As for the trilobites, we've just been over them. Evidence for trilobites is not evidence for dinosaurs. It's not even circumstantial evidence (contrary to your assertion). All it is, is evidence for trilobites. Here, look, I've got a mostly-intact cat skeleton with a little girl's pelvic bone glued on its head. Evidence for unicorns...?
Don't be absurd!


I'm from Appalachia, a mountain range where you can climb to the top and find seashell fossils.

Noah's flood was real!

Oscar Wildcat
You (EH) seem to be under the mistaken impression that it is impossible to prove anything about anything. This is the unfortunate result of your expensive education. I can assure you, that is not the case.

No, Mr Wildcat, of course it is possible to prove things about things! I can, for example, prove that trilobites exist. Easy: { http://tinyurl.com/ktseoho } QED. The trouble is, *you* have yet to prove anything relevant to this debate.

Now there IS a sense in which things cannot be proven - namely, one cannot prove a negative. I can never "prove" that dinosaurs don't exist, for the same reason that I can never "prove" unicorns don't exist! No matter how many times I lift up a rock and say, "look Oscar, no unicorn under here!" you can simply reply, "well OK Homie, but there'll be a complete unicorn under the NEXT rock, I'm sure of it." In this case, yes, you're right, I will say that proof is impossible. I certainly cannot "prove" the non-existence of dinosaurs and unicorns - and fortunately, I don't have to!

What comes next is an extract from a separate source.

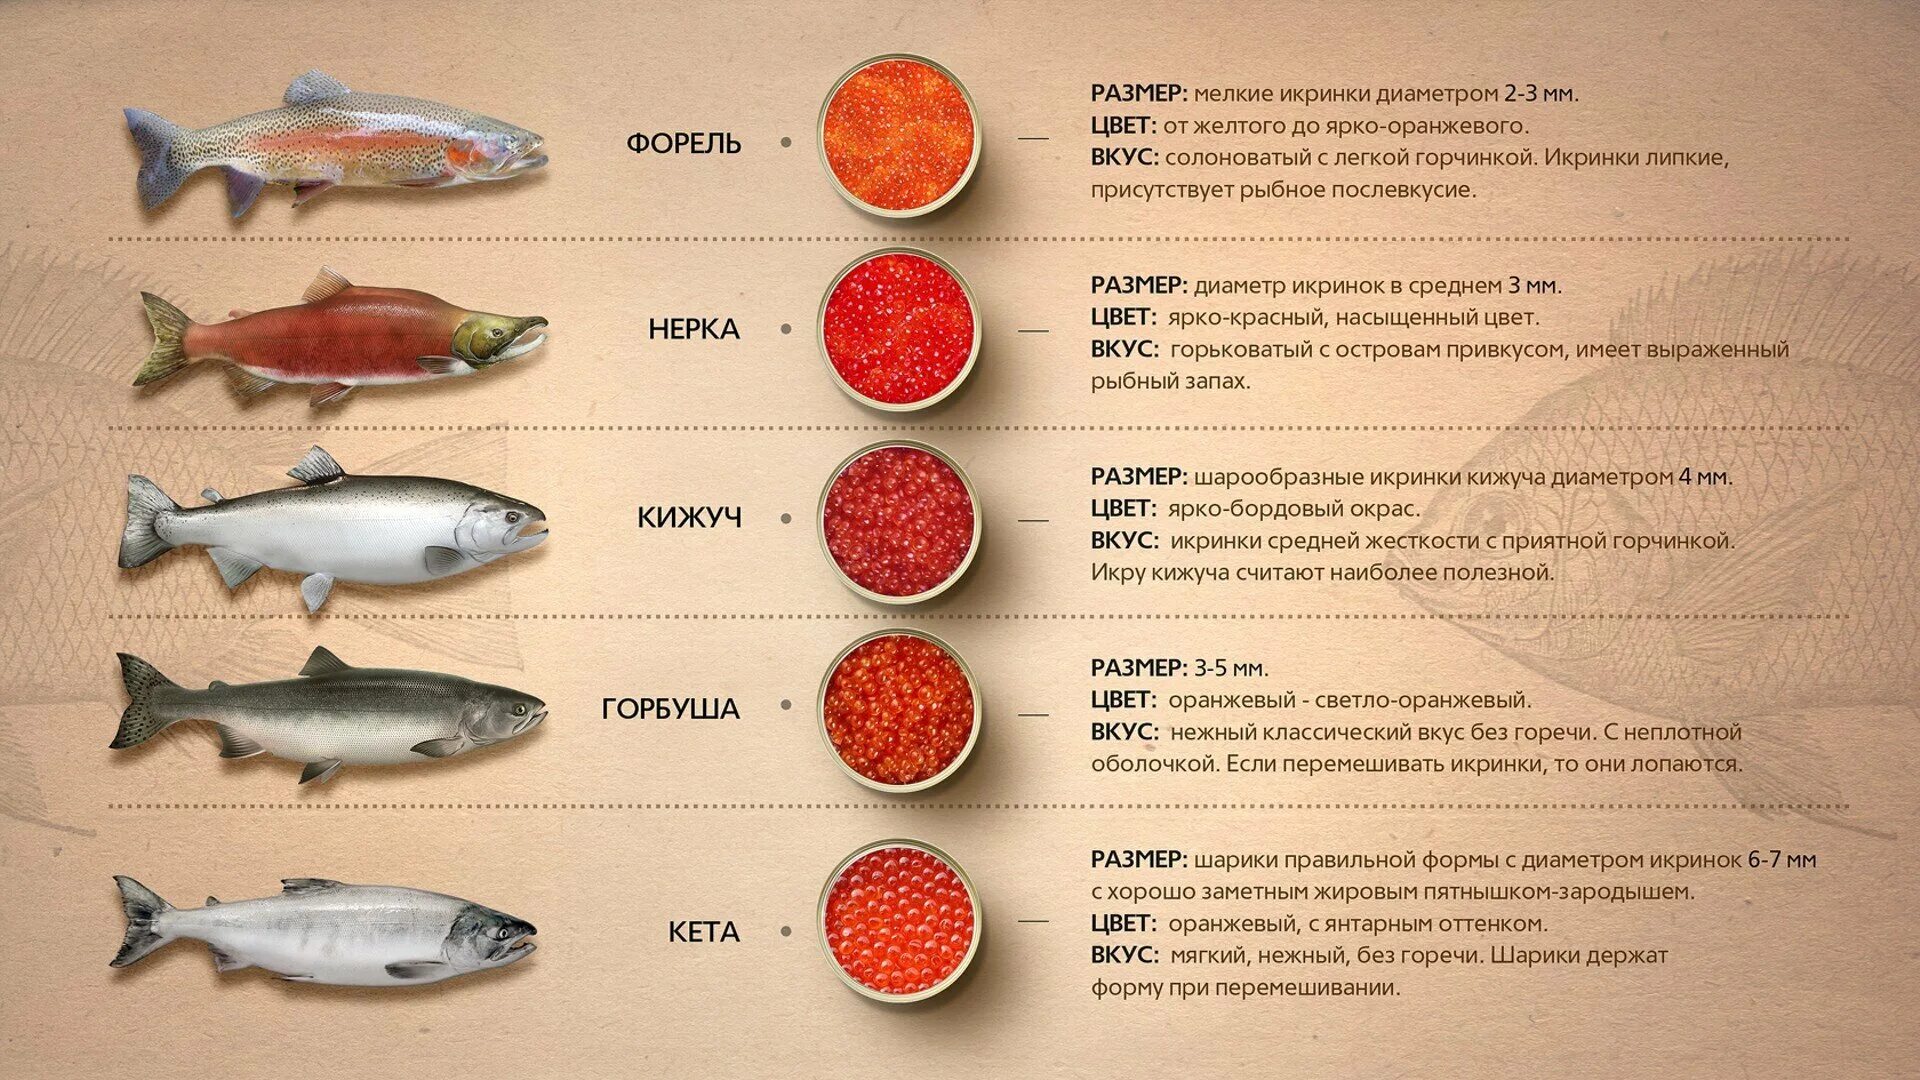 Лососевые рыбы по ценности. Рыбы семейства лососевых названия. Красная рыба виды названия. Размер икры лососевых рыб. Диаметр икринок лососевых рыб.

Remember, the burden of proof here lies on you and your fellow believers in the dinosaur-industrial complex. You are the ones making the positive claim ("dinosaurs exist"), and you are the ones who must establish the truth of that claim to a satisfactory degree. You have not done that yet, as there are still far too many questions about the authenticity of bones, and about the validity of early-scientific guesswork and interpretation. Until these issues are directly addressed and resolved, I'm afraid we MUST conclude that the case for dinosaurs is a weak one.

As for the effects of my "expensive education", I think you're over-estimating the power of yuppies and money to create deep thinkers. In case you've ever been curious, the following is a pretty accurate depiction of my former school-life: https://youtu.be/NwIwPnp4MFQ

It's strange how, more than a decade later, everything - from the grounds to the bouncy-house festivals to the look and feel of the student body - is exactly the same.

This is what they want people to think it's like: https://youtu.be/8ekZJXOrKxE ...but I can assure you, it's a load of marketing baloney, meant to entice wealthy families to enroll their kids there.

Oscar Wildcat
To be more specific, you've internalized the notion promulgated by the Post-Modernists that all points of view are equal. This is fine when applied to social and psychological analysis, but completely useless when applied to the physical world. Yes, an 85% intact skeleton pretty much proves the dinosaur hypothesis, full stop. You can throw up dust, complain about your ulcers, or blame Obama for lying to you. All of these things are great rhetoric, but again quite useless for evaluating scientific claims. I mean, do I really need to point out the logical fallacies in this passage?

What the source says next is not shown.